書評というほどのものはありません。読んだ本に絡めて、日々思うことなどを書いていこうと思います。

東方諸国記

ほぼ50年前に出版された「大航海時代叢書」シリーズです。
箱なしで古本屋価格300円でした。

著者のピレスは1510年代にインドやマラッカで商館員として働いたのち、当時の明国に使節として派遣されたという経歴を持ちます。
インド航路を開いたヴァスコ・ダ・ガマが帰国したのが1499年なので、まだ当時はアジアの地はほとんど未知の状態でした。
ペドロ・アルヴァレス・カブラルや、アフォンソ・デ・アルブケルケなどの初期の征服者が次々と現地の王朝に対して戦争を仕掛けていた時代です。
ピレス自身は広州までは到着したのですが、そのころにポルトガルと中国の関係が悪化したため、広州から移動できなくなりそのまま没したという説が有力です。
本書はピレスがマラッカに滞在していた際に書かれたものなので、中国に関する記事は伝聞に過ぎません。
それよりもマラッカやスマトラ、ジャワといった自らが商館員として情報を入手した地域に関する記述が厚く、とくにマラッカ王国(マレー半島からスマトラ島中北部にかけてを支配)については最後の章で詳しい歴史が述べられています。
当時のマラッカ王国は現在でも信頼に値する文献がないため、本書はその意味においても貴重だとのことです。

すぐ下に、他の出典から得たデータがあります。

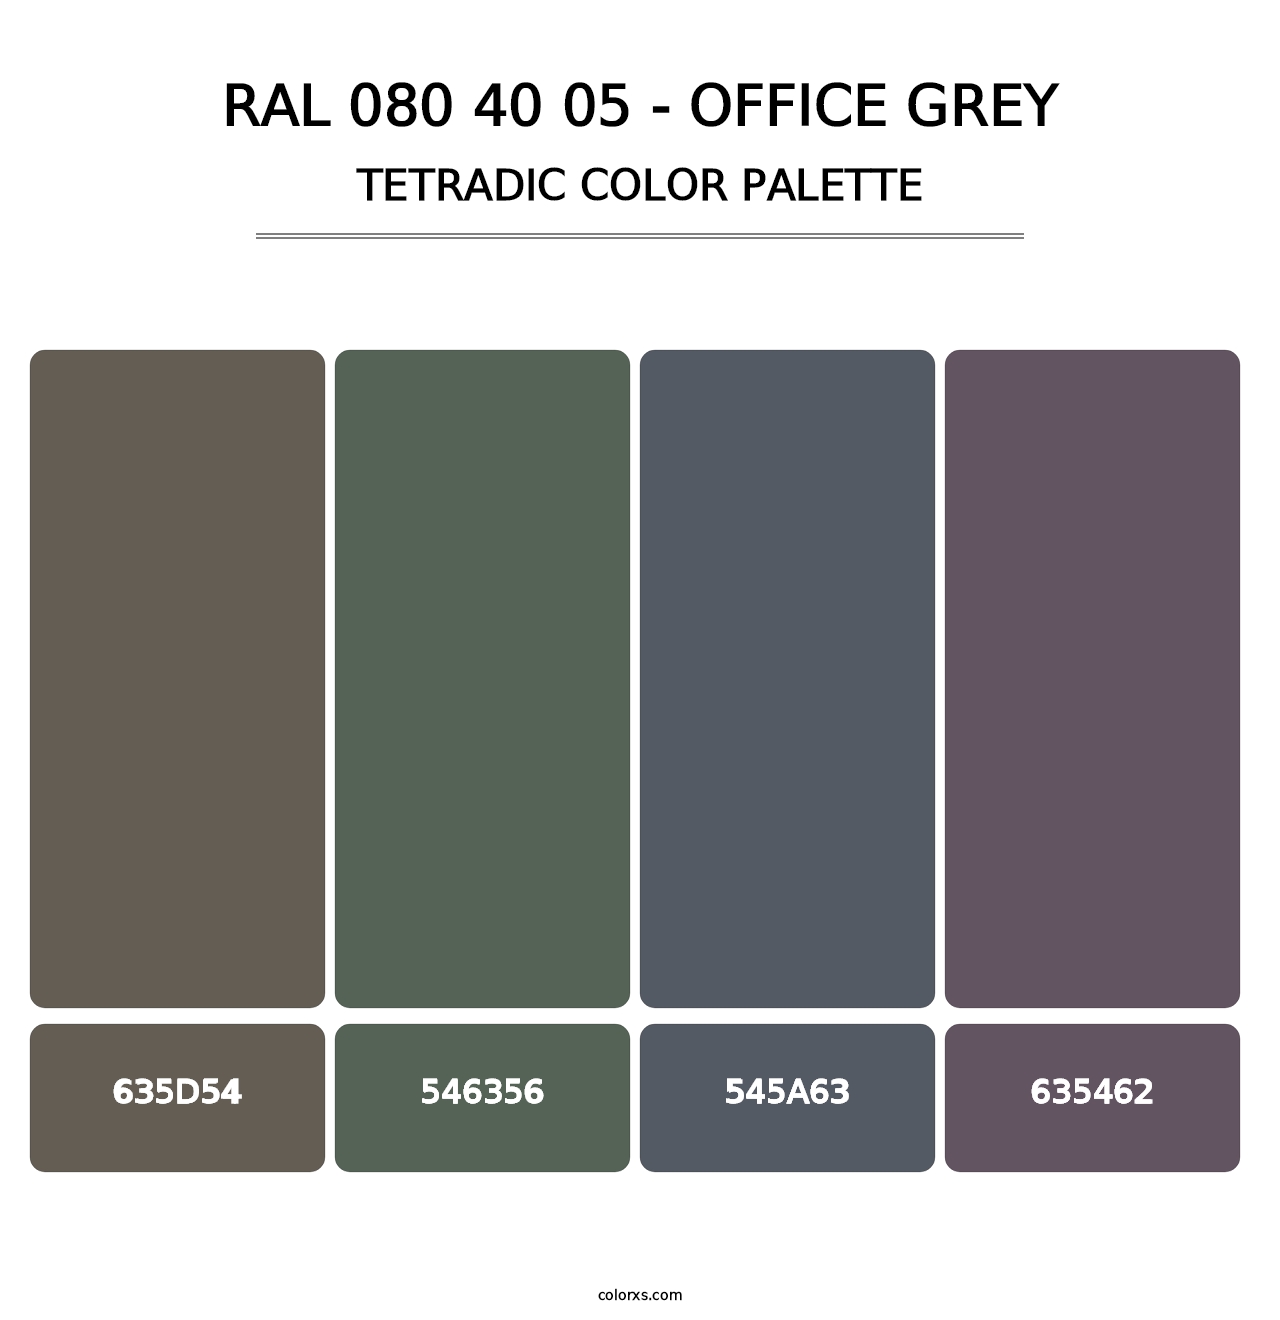 RAL 080 40 05 - Office Grey - Tetradic Color Palette

本書は未完成稿とのことで、まとまりがなくわかりづらいです。
一応紅海からパキスタン、インド、セイロン、インドシナ、そして琉球や日本までが取り扱われていますが、ほとんどの区域は事実の羅列が多く、著者の感想らしきものはほとんどありません。
そのため、無味乾燥でそれほど面白いものではないかもしれませんし、その割には膨大な量なので読みとおすにはそれなりの気合がいります。
それでも当時のポルトガル人にとってのアジアというものがとても良くわかります。

とくに驚いたであろうと想像されるのが、インドからスマトラ島で行われていたサティ(寡婦殉死)の慣習です。
これは夫を失った妻が、その葬式において着飾ったうえで火に自らの体を投じて自殺するというものです。
おそらくは、来世でも夫に仕えるとかそういう意味を持っていたのでしょう。
絵画的にはいくらでも美しくできるのでしょうが、肉が焼けるにおいと、おそらくは苦しみの声、そして燃え上がる肉体が見えて地獄のような状況だったと推測されます。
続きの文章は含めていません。